Allow placeholders in datasource URLs¶
https://blueprints.launchpad.net/sahara/+spec/edp-datasource-placeholders
This spec is to allow using placeholders in EDP data source URL.
Problem description¶
Common use case: user wants to run EDP job two times. Now the only way to do that with the same data sources is to erase result of the first run before running job the second time. Allowing to have random part in URL will allow to use output with random suffix.
Proposed change¶
Introduce special strings that could be used in EDP data source URL and will be replaced with appropriate value.
The proposed syntax for placeholder is %FUNC(ARGS)%.
As a first step I suggest to implement two functions only:
%RANDSTR(len)% - will be replaced with random string of lowercase letters of length
len
.%JOB_EXEC_ID% - will be replaced with the job execution ID.
Placeholders will not be allowed in protocol prefix. So, there will be no validation impact.
List of functions could be extended later (e.g. to have %JOB_ID%, etc.).

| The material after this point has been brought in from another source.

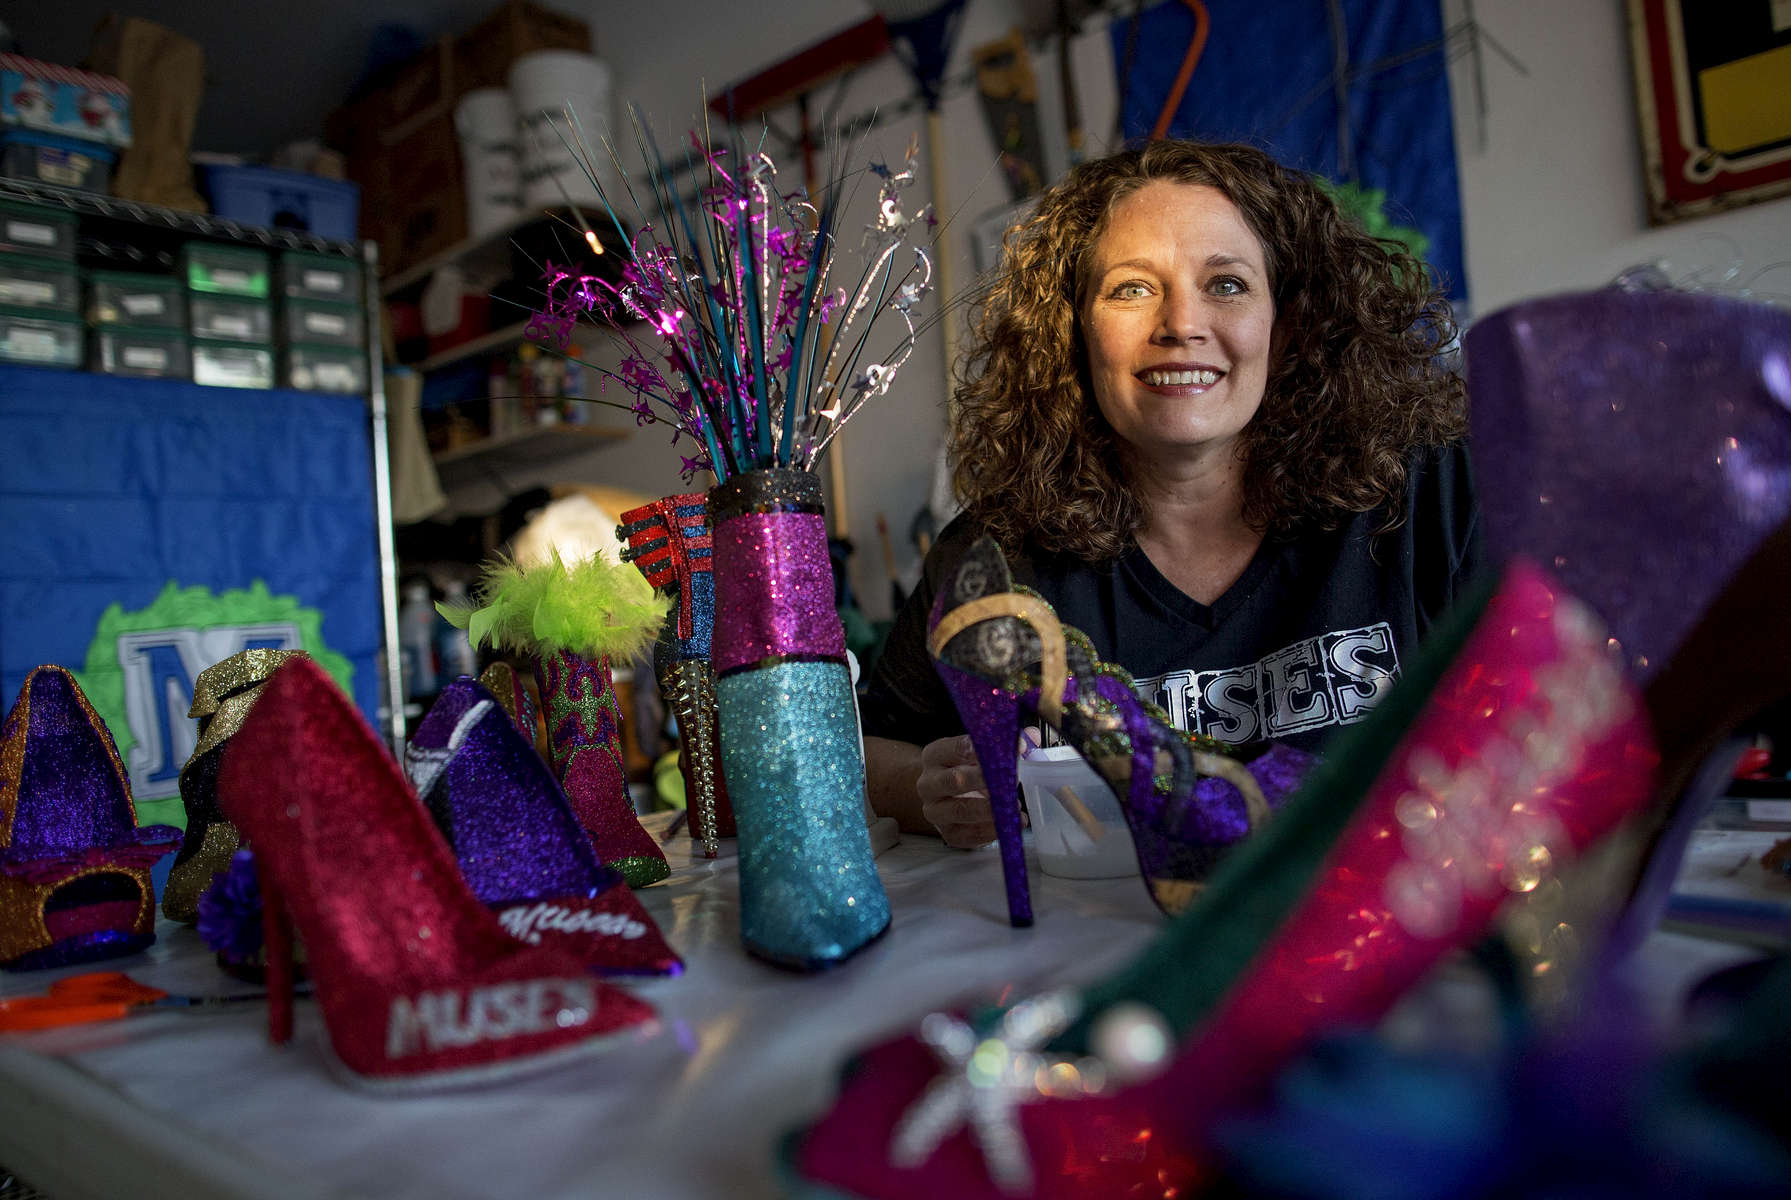 KENNER, LOUISIANA. Cari Rhoton, a lieutenant in an all-female Mardi Gras parade group known as the Krewe of Muses, creates the group's signature shoes from her garage in Kenner, La., Sunday, Jan. 10, 2016. Over 1000 members of the organization ride floats and pass out hand decorated shoes and other trinkets during Mardi Gras. (AP Photo/Max Becherer)

URLs after placeholders replacing will be stored in job_execution.info
field during job_execution creation. This will allow to use them later to find
objects created by a particular job run.
Example of create request for data source with placeholder:
{
"name": "demo-pig-output",
"description": "A data source for Pig output, stored in Swift",
"type": "swift",
"url": "swift://edp-examples.sahara/pig-job/data/output.%JOB_EXEC_ID%",
"credentials": {
"user": "demo",
"password": "password"
}
}
Alternatives¶
Do not allow placeholders.
Data model impact¶
job_execution.info
field (json dict) will also store constructed URLs.
REST API impact¶
None
Other end user impact¶
None
Deployer impact¶
None
Developer impact¶
None
Sahara-image-elements impact¶
None
Sahara-dashboard / Horizon impact¶
Horizon need to be updated to display actual URLs for job execution. Input Data Source and Output Data Source sections of job execution details page will be extended to include information about URLs used.
REST will not be changed since new information is stored in the existing ‘info’ field.
Implementation¶
Assignee(s)¶
- Primary assignee:
alazarev (Andrew Lazarev)
- Other contributors:
None
Work Items¶
Implement feature
Document feature
Dependencies¶
None.
Testing¶
Manually.
Documentation Impact¶
Need to be documented.
References¶
None